#### [TASK ITEM]
Leaving out the images, please reproduce each line below exactly.

#### [COLLECTED MATERIAL]
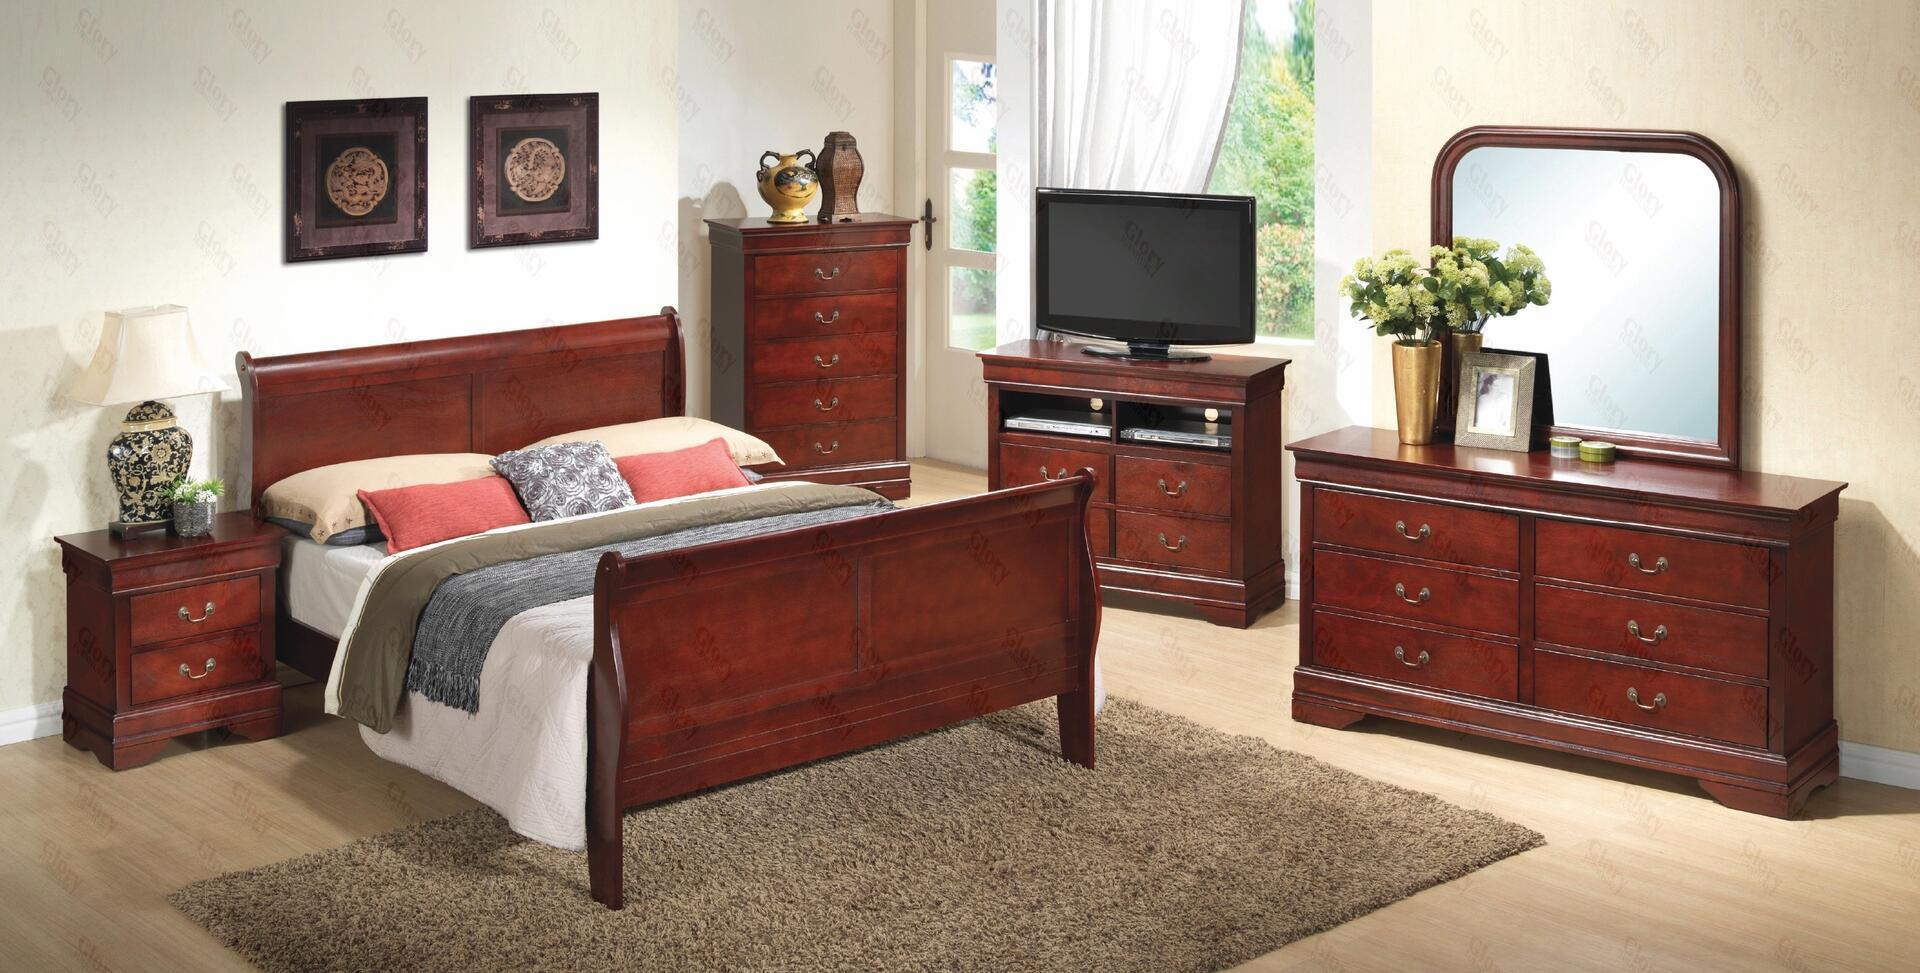 Glory Furniture G3100akbset King Bedroom Sets Appliances
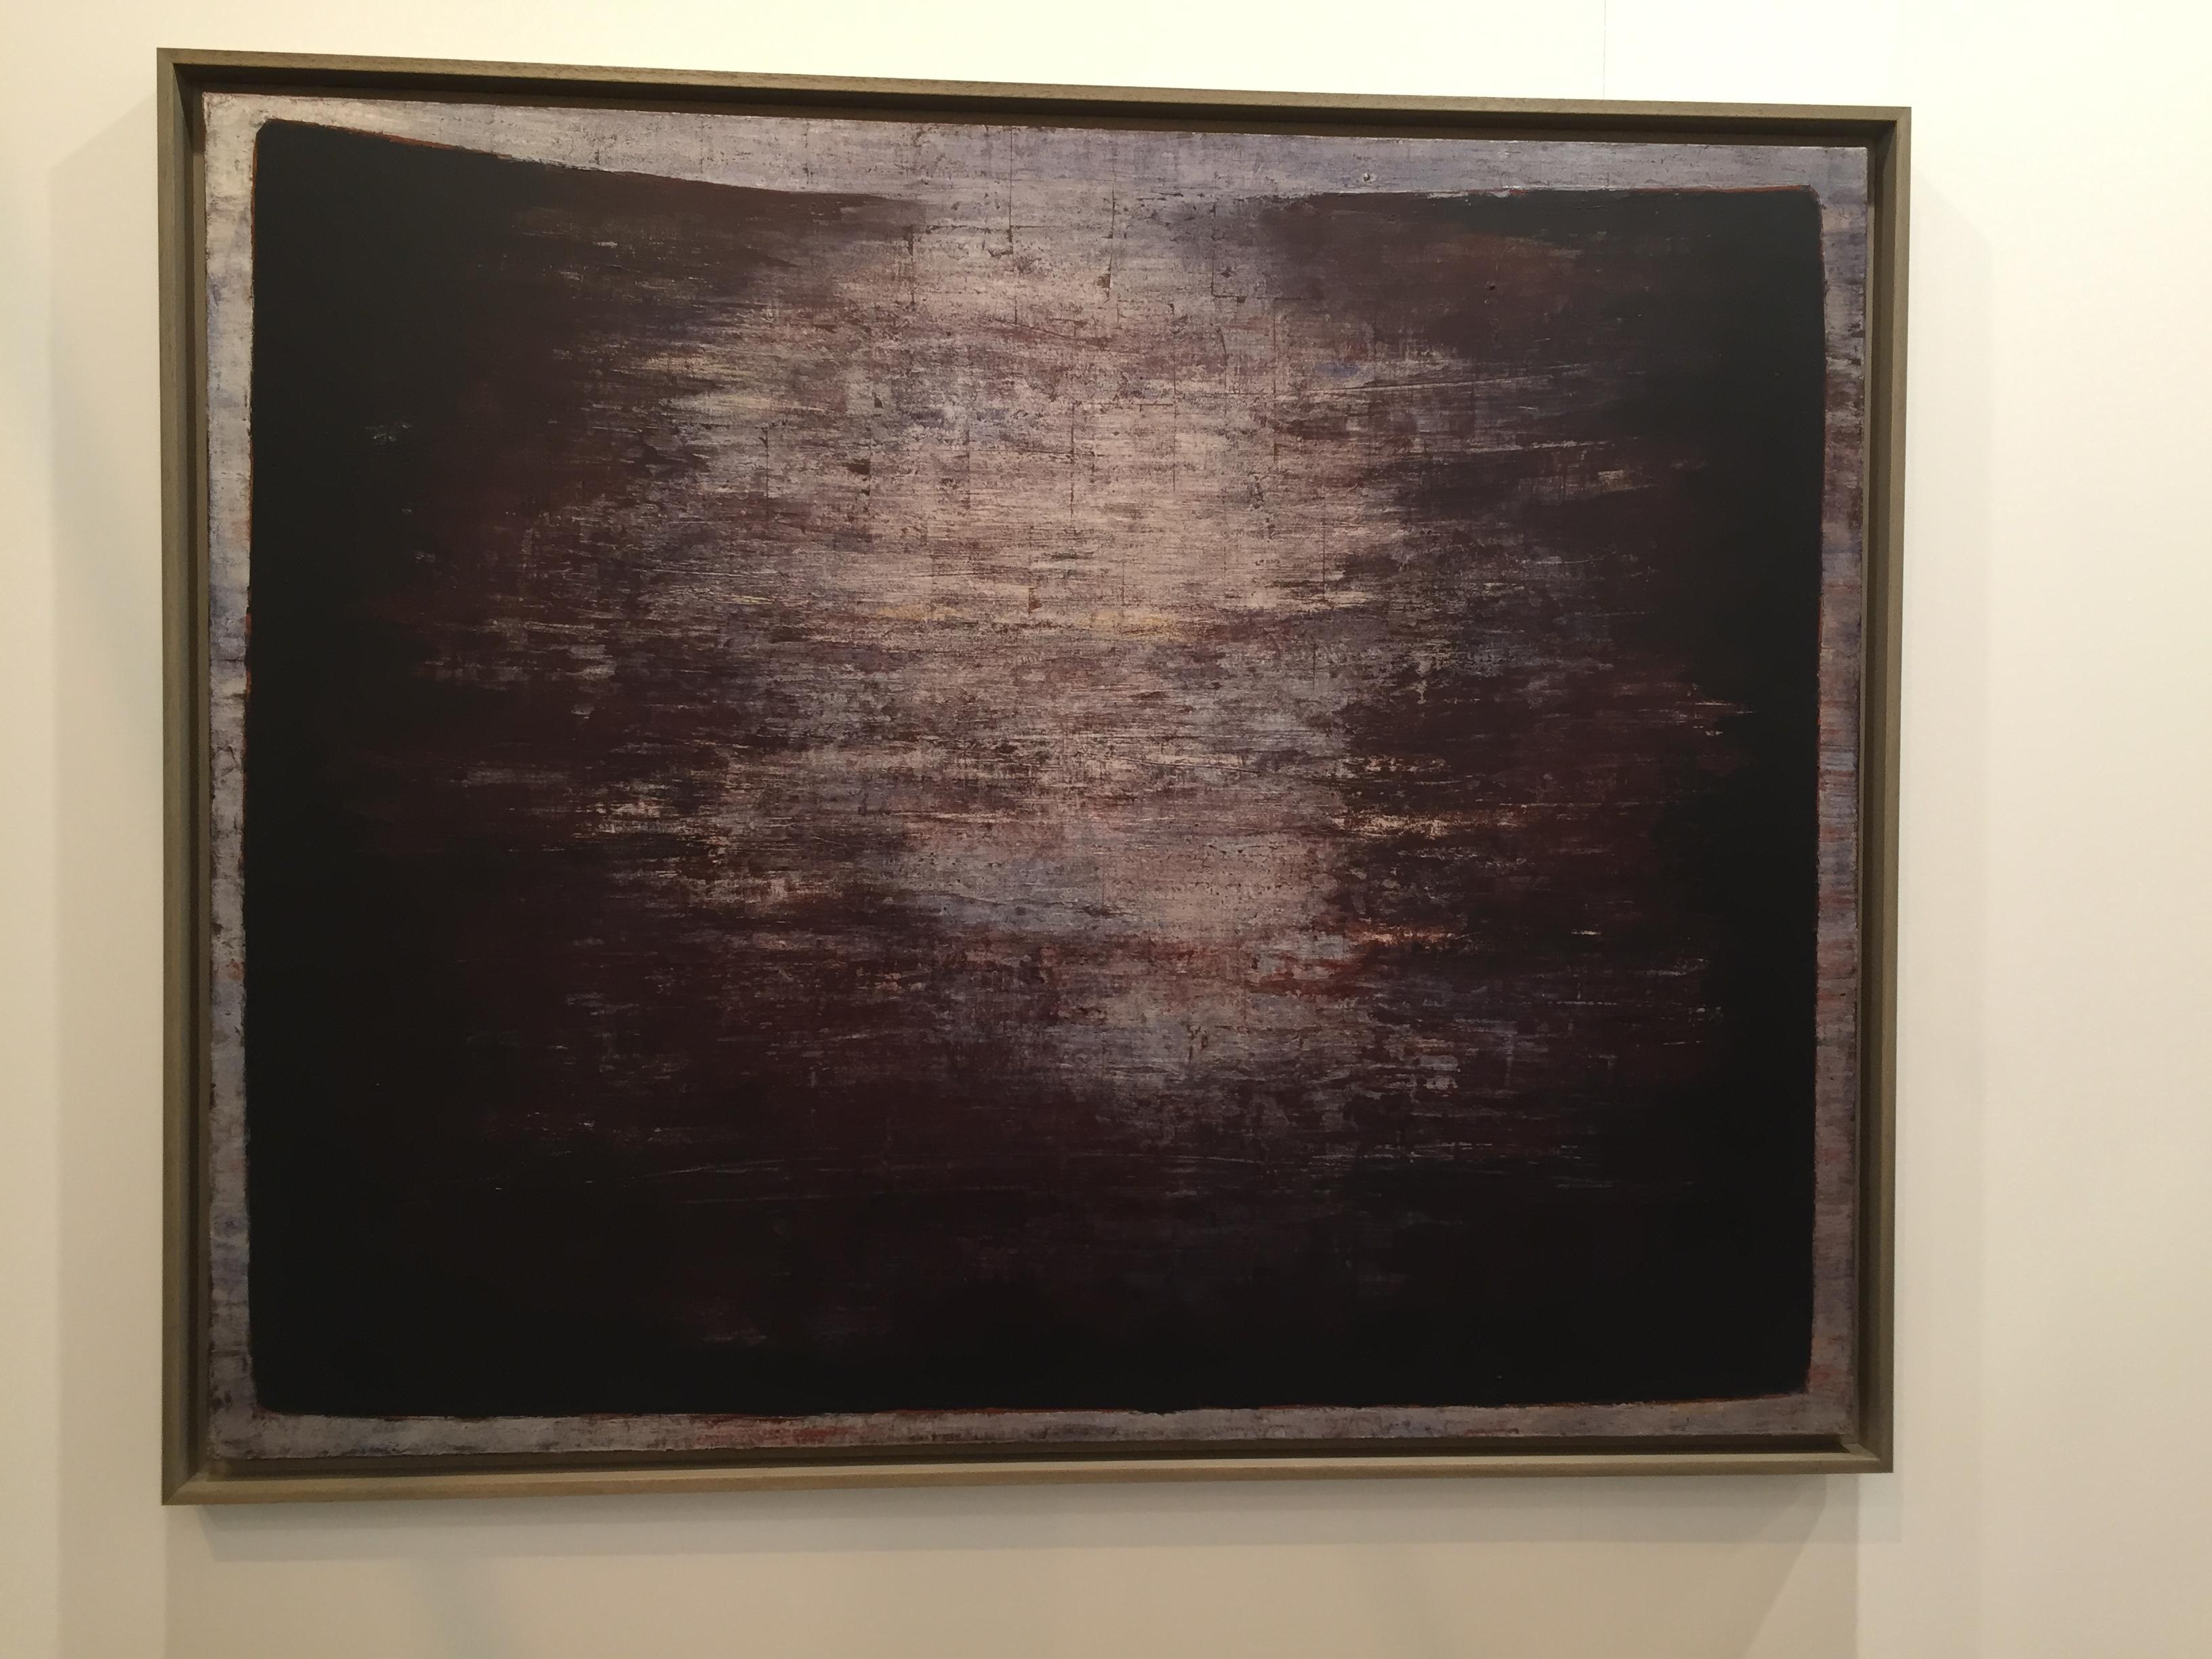 Anna-Eva Bergman: Nº 14-1960 - Desgarro sobre la tierra, 130 x 162 cm, témpera y láminas de metal sobre lienzo. Galerie Jerome Poggi. Foto: Investigart.
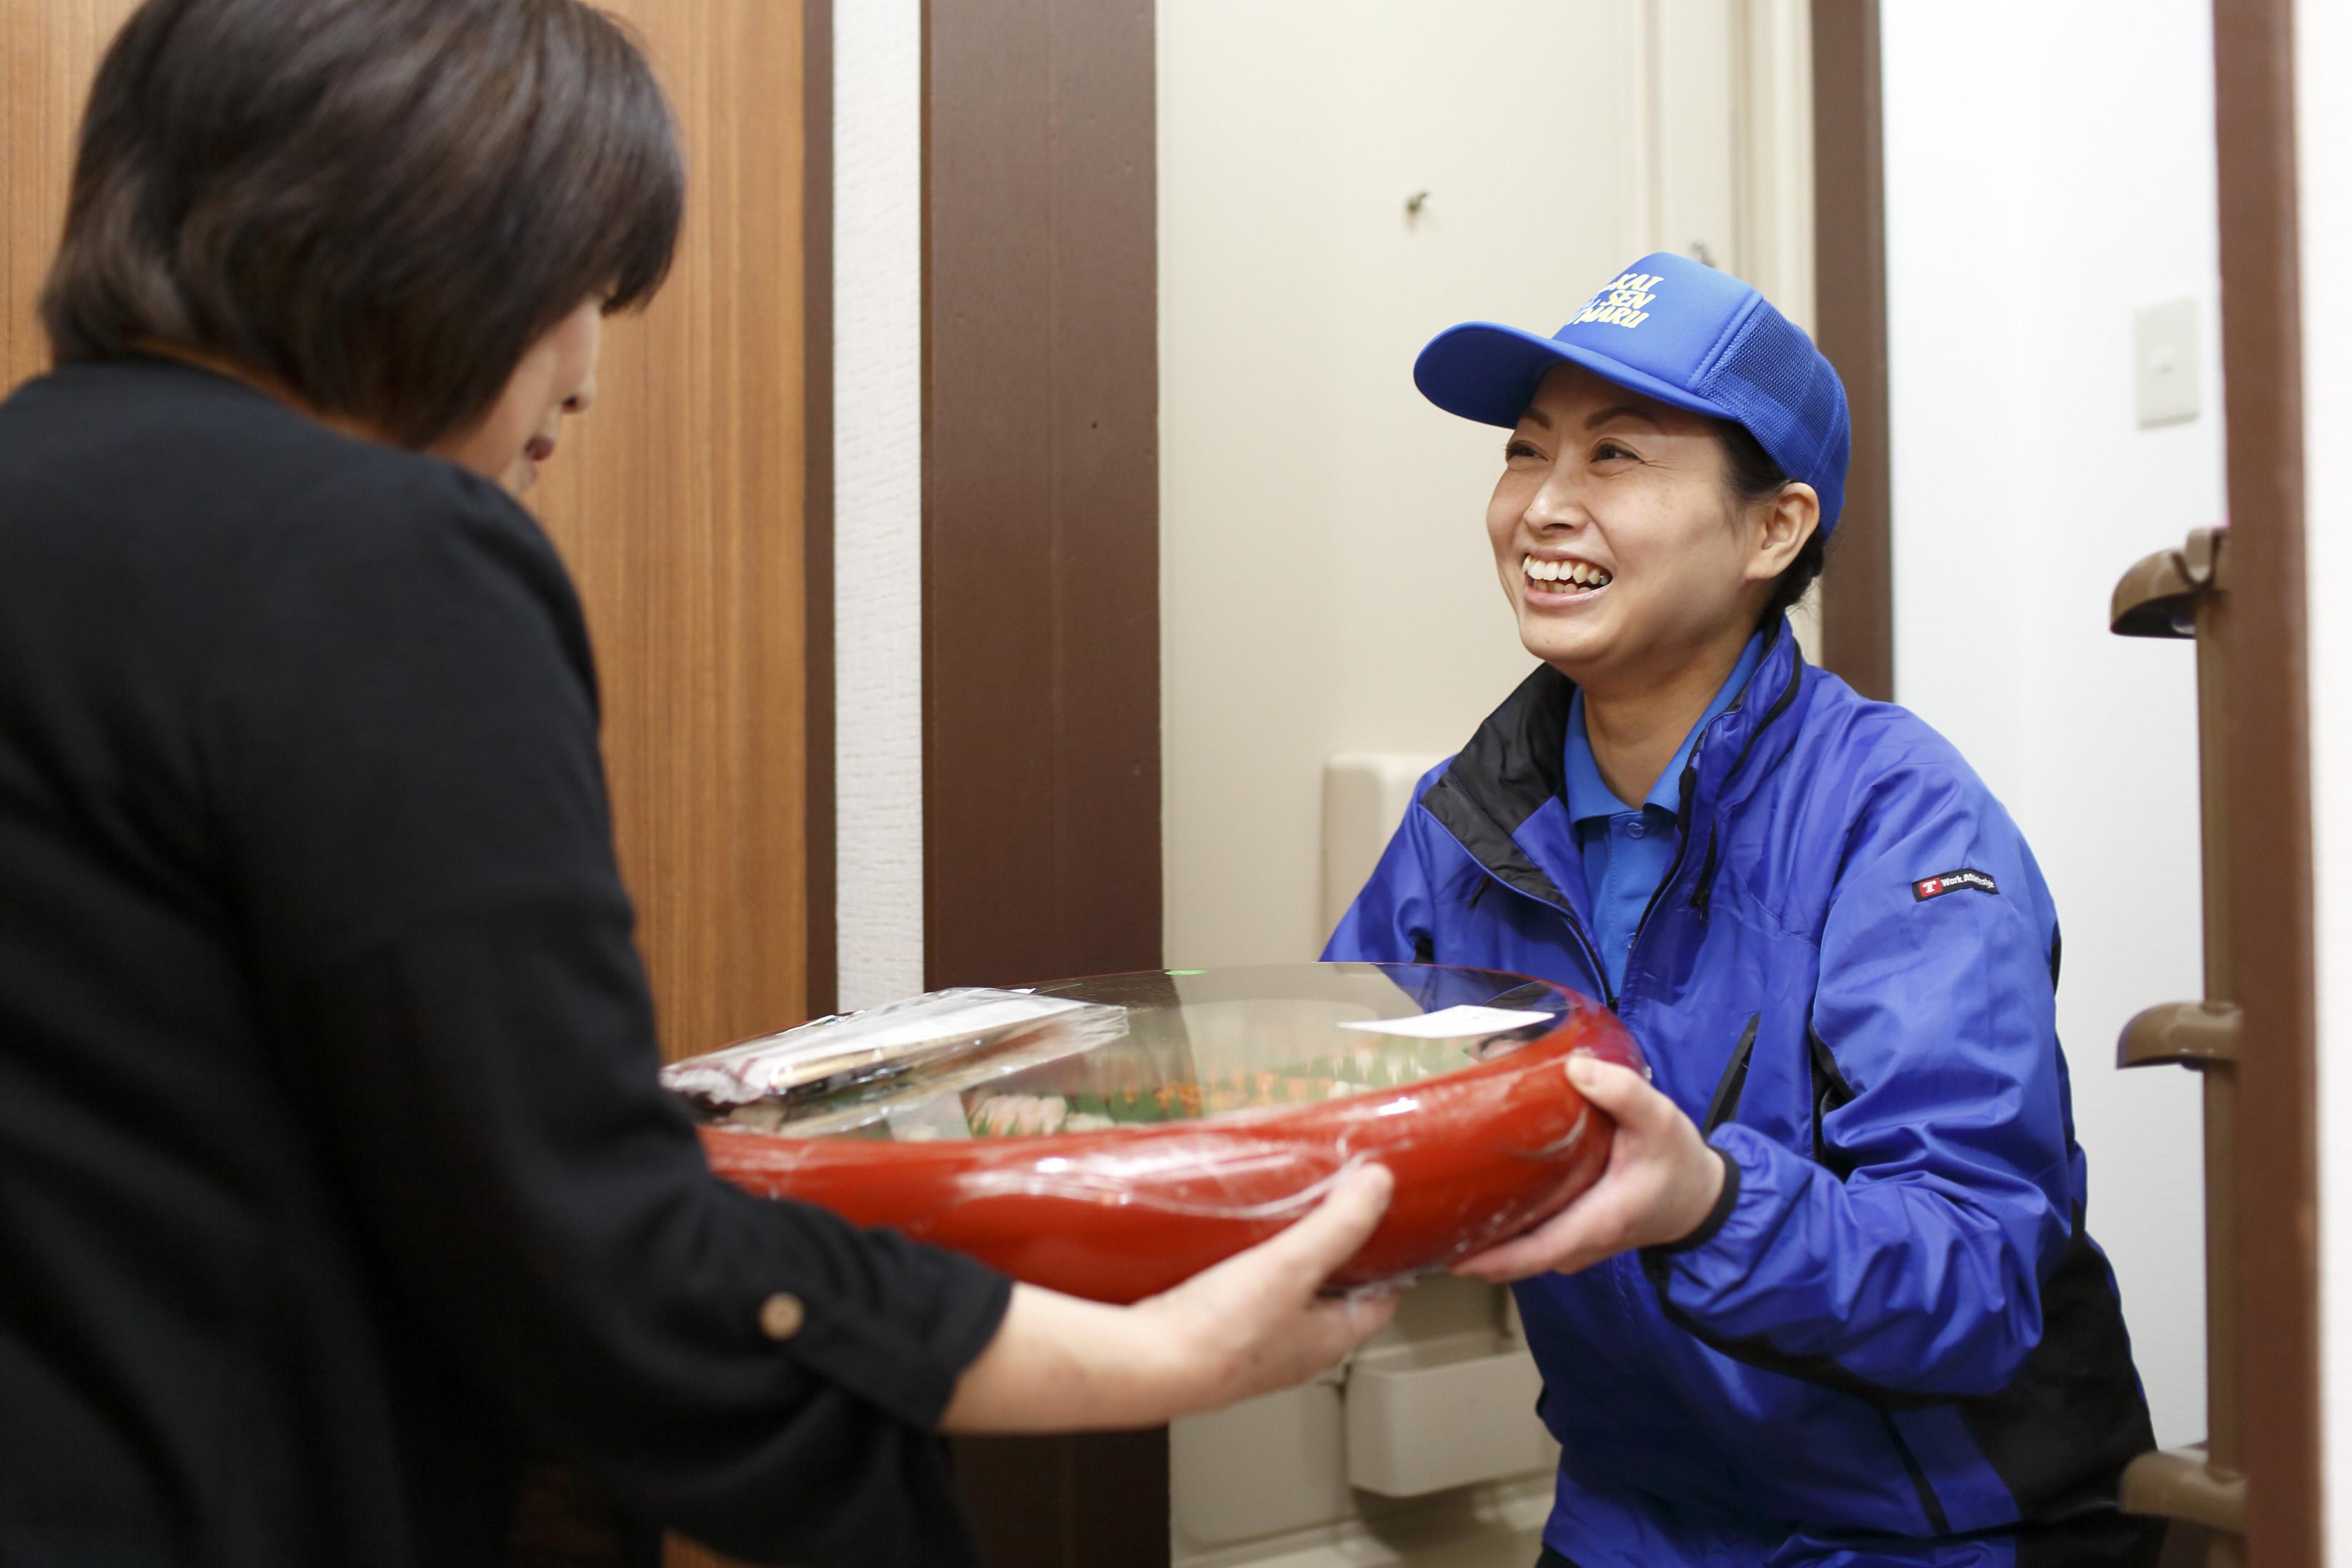 札幌海鮮丸 厚別南店 デリバリー(配達)スタッフのアルバイト情報

#### [WRITTEN SOLUTION]
 Glory Furniture G3100akbset King Bedroom Sets Appliances
 Anna-Eva Bergman: Nº 14-1960 - Desgarro sobre la tierra, 130 x 162 cm, témpera y láminas de metal sobre lienzo. Galerie Jerome Poggi. Foto: Investigart.
 札幌海鮮丸 厚別南店 デリバリー(配達)スタッフのアルバイト情報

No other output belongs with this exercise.